When we are younger in the faith- a baby Christian- God, often, gives more feelings and confirming emotions, more miracles, and even healings. But as we mature in faith, he leads us to a most important place.

2 Cor.5.7- we are to walk by faith not by sight- not be emotions and feelings and what we can ‘sense’.

Heb.11.1-6- discusses this matter of faith and its critical importance to us as Christians.

As we grow in faith, God weans us of the dependence on feelings. This gives me, now, tremendous conviction about God’s involvement in Empowering Couples, for instance, even though we don’t see masses of people flocking to be here. I know the process. I know we’ve done what God wanted us to do in prayer and thought and preparation. God is watching us right now to see whether we’ll follow through with what we’ve begun, whether I’ll prepare adequately, whether we all support, how we treat those who are new. There’s no question that God is involved.

God is always present. He is much more concerned with matters of our trusting of him than with matters of our feelings about him.

Let’s think about how Job handled what must have seemed to him like God’s abandoning of him.

Job. 1.1ff-

v.20,21! What an attitude and a reality. Yet this is where we, as mature Christians, need to be. God’s business is NOT making us ‘happy’ and having everything going in a particular way in our lives. He’s concerned with eternity, not the present. He does not promise to heal us and give us health into the kingdom of God. He does not promise to fill our bank accounts now. He does not promise to keep us employed now. He promises to provide food, clothing and shelter. We have to be careful to be clear on what he does promise and not to extrapolate and to infer beyond what he says.

When you’re feeling isolated from God, what do you need to do? Be honest with God. We talked about honesty in our worship a few weeks back. Be honest. Tell him how you are and how you feel.

Then, focus on his unchanging nature. He tells you, in so many ways, that he won’t leave you. We saw one passage earlier. Here’s another- Phil.1.6. This one is very absolute! This is a promise you can ‘take to the bank’, as we say.

Then, rely on God’s promises, not your feelings.

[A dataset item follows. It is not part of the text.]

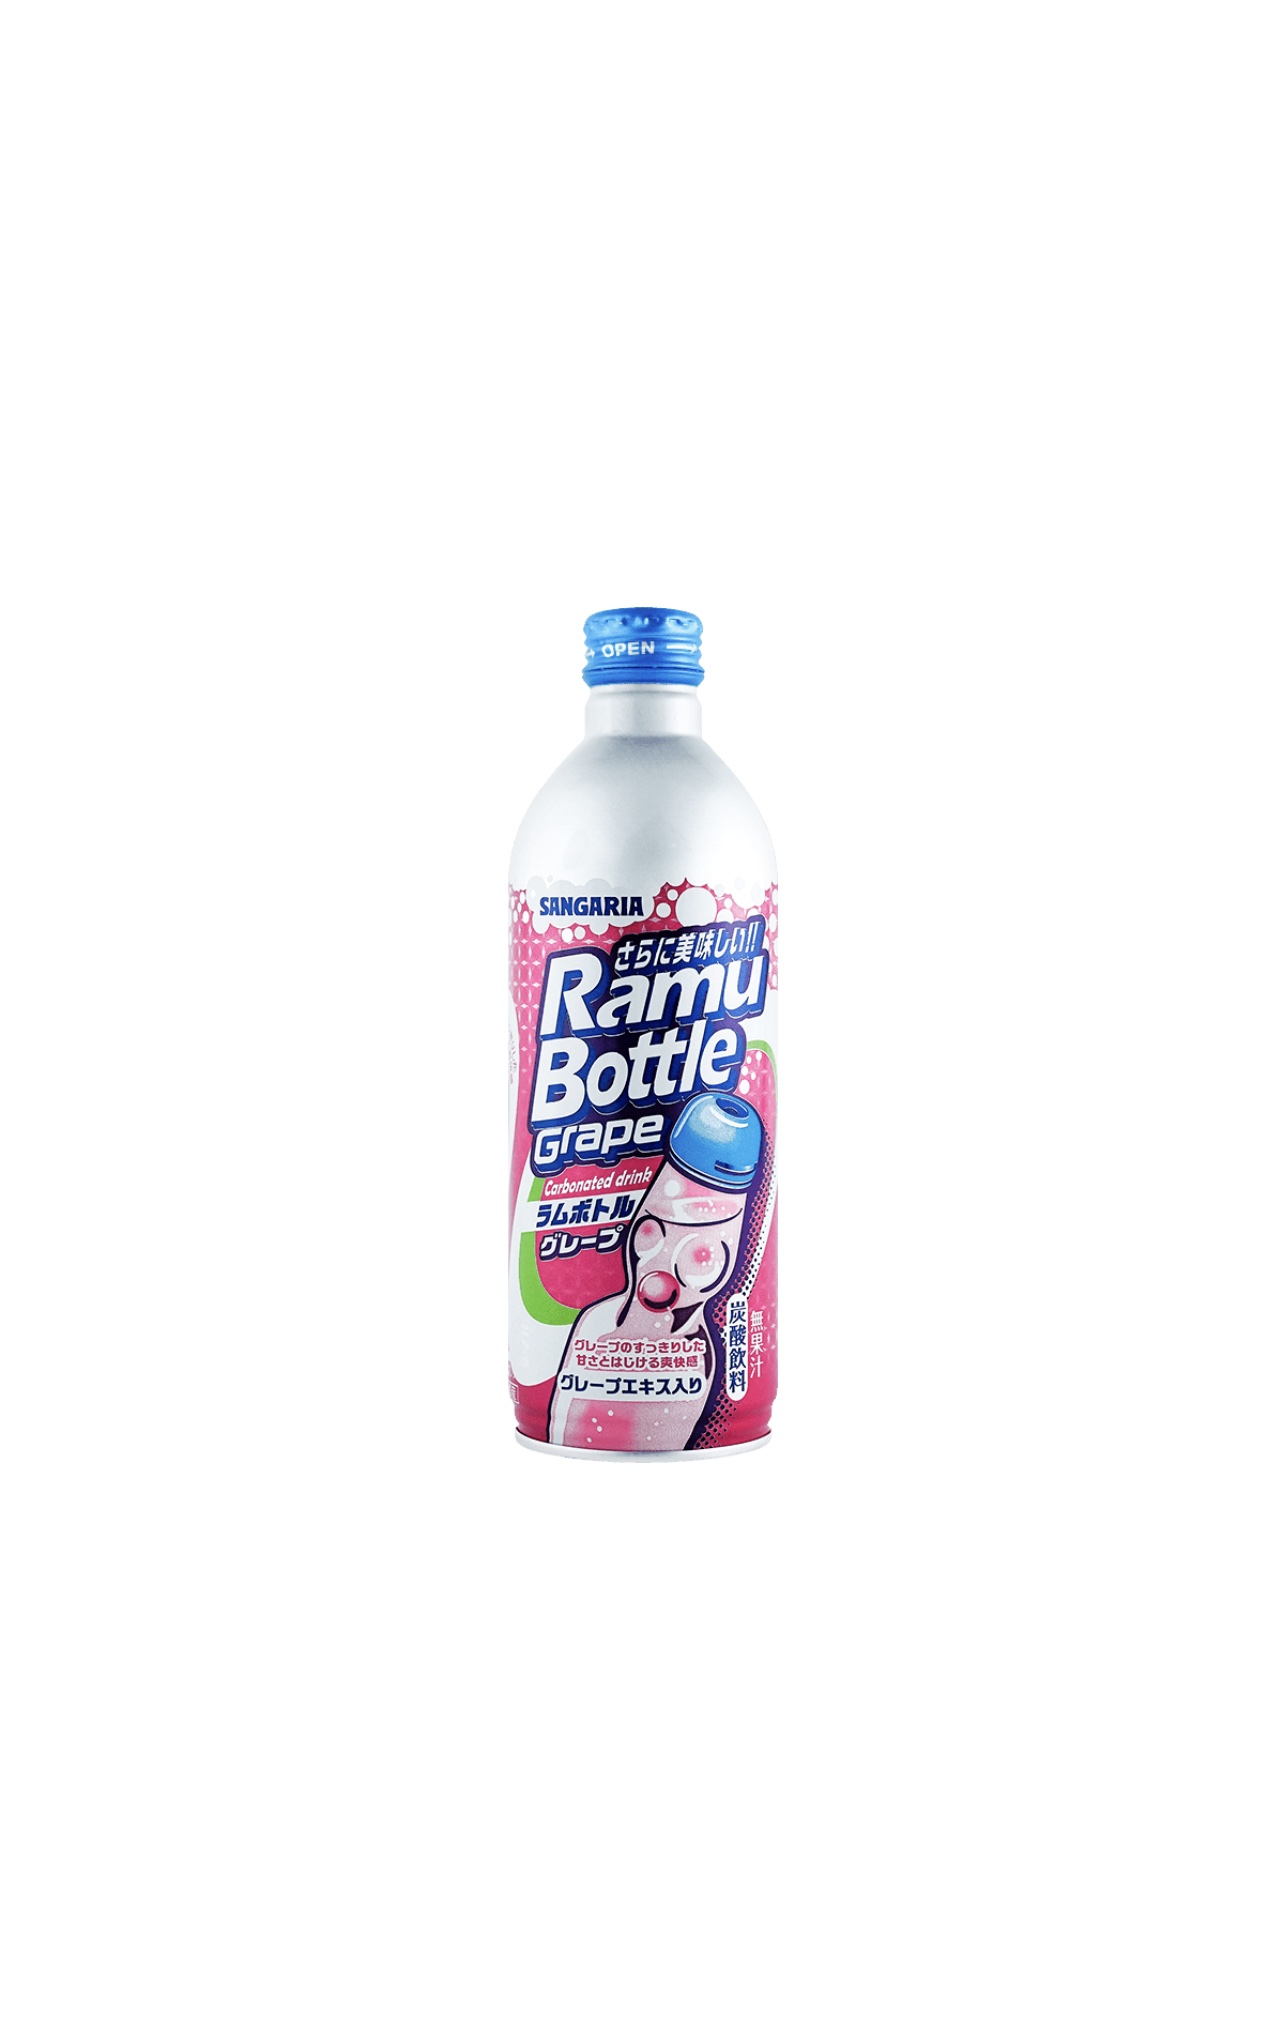 SANGARIA Ramu Bottle Grape Flavor

I remember one family back in the days we had in Evansburg- a couple I’ll call Jack and Wilma. They had adopted twin boys. They were up and down emotionally in their relationship with God depending on whatever was happening at the time. When things went well, as they defined it, they were on top of the world, generous, happy, and fun to be with. But they got into a huge debt situation and they were in the pits, selfish, surly, and not a lot of fun to be with. It was funny, in a way, because we left them in Evansburg and then, when we were in Yorkton, one day we got a call from them and they were not living in that area and we went through a bit more of the same things with them there, but they wandered off, much disappointed in God, as I remember.

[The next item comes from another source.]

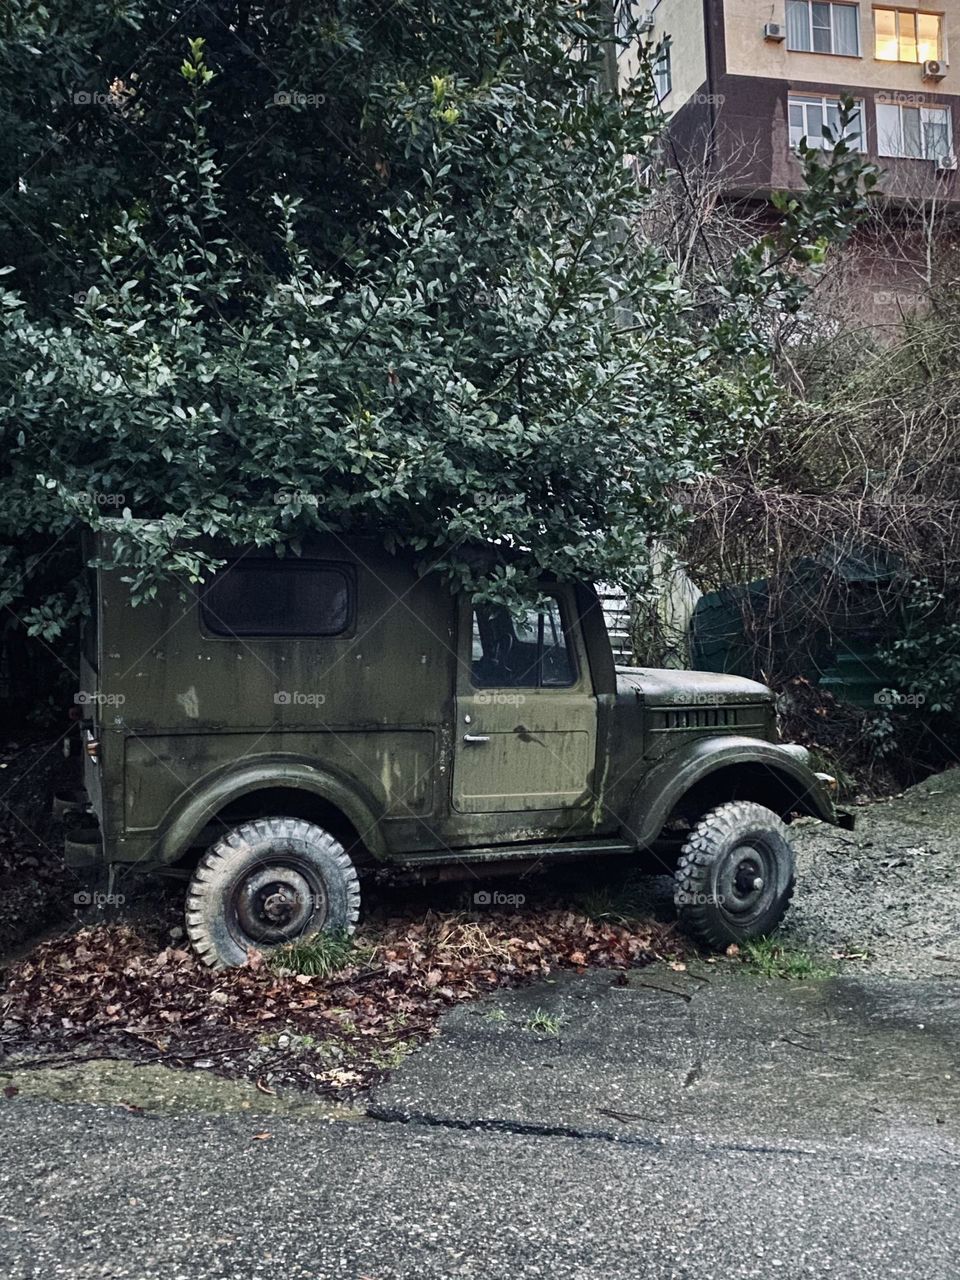 Retro military car among green plants

Allow yourself to be driven to God’s Word and to what you know about Him. Imagine what that does in your relationship with God. “I don’t understand, but I know you are there.” What a statement of faith.

When you get down to it all, God need never do anything more for you or for us than He already has. He’s done more than enough already! Jesus Christ died for me- for you- for us. This is the absolutely greatest reason for worship. And HE knows what it’s like to be away from God- remember!

Matt.27.46- did He give up? Did he throw in the towel? No! He understood that there was some eternal purpose in what God was doing. So is the case with you and in your life. Jesus felt a weight of separation from God that you and I never approach. He kept going because he saw something greater for his relationship with God. So do you and I need to do in those times when God seems far away from us. He is real no matter what you feel!